Every day tires are used on all types of surfaces and tire wear can be caused when you do car starting, accelerating, cornering and braking, etc. However, many abnormal tread wear may occur for a variety of reasons.
Here's how to recognize the irregular wear, how to tell where it's coming from.
If the tires are worn more in the center, this is usually due to overinflation. Make sure your tire pressure is set to the manufacturer's recommended pressure rather than the pressure embossed on the tire's sidewall.
If the tire is worn fast on both shoulders, the cause is underinflation, overload or too many harsh cornering.
If only one of the shoulders is excessively worn, the cause is usually alignment, specifically incorrect camber.
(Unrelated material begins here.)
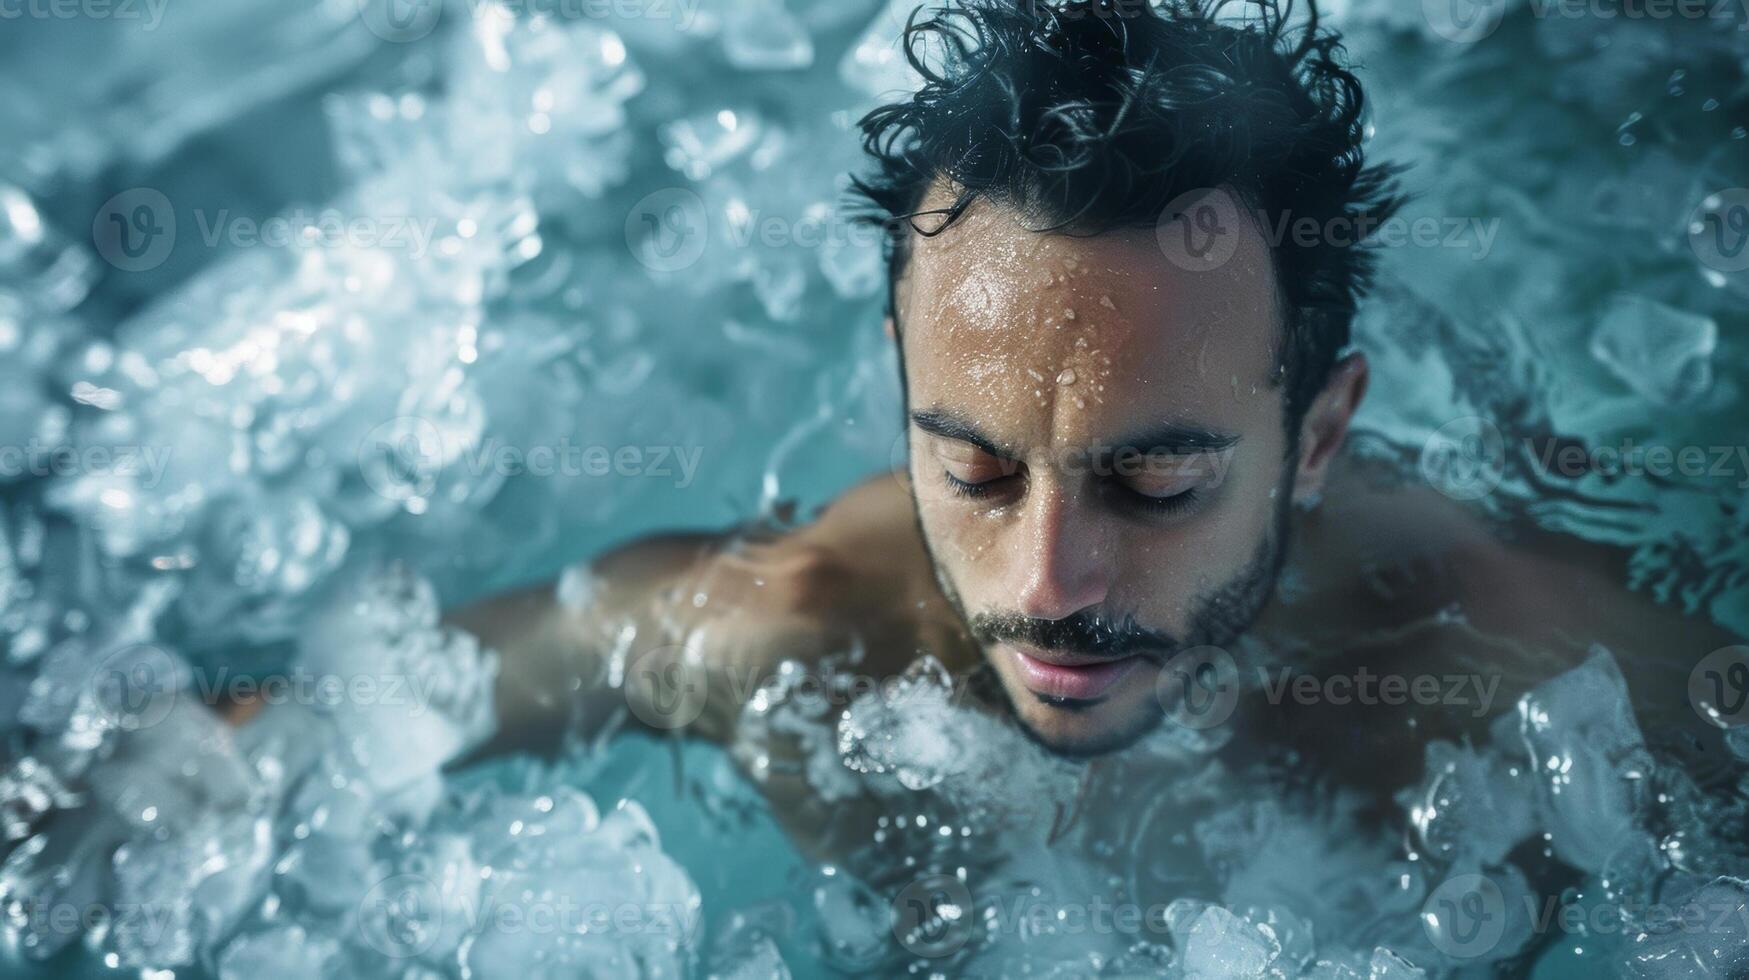 A man dives into an ice bath his body submerged in freezing water up to his neck his expression determined and focused. photo

The tire is tilted to one side or the other and putting too much pressure on the shoulder.
Scalloping, which some techs call feathering, occurs when the tire wears down at an angle. This angled wear leads to one side of the tire rib being worn smoother than the other. Often, this situation is caused by uneven tire alignment or an underlying suspension problem. If caught early, fixing the underlying issue often corrects the feathering.
The tire wears out in a polygonal manner, which is sometimes only noticeable on the shoulders of the tread Reasons: Tires and wheels are off-center or not balanced; rims and spindles are off-center or not balanced; bearings and middle steering shafts are loose; rolling parts are unbalanced; insufficient air pressure.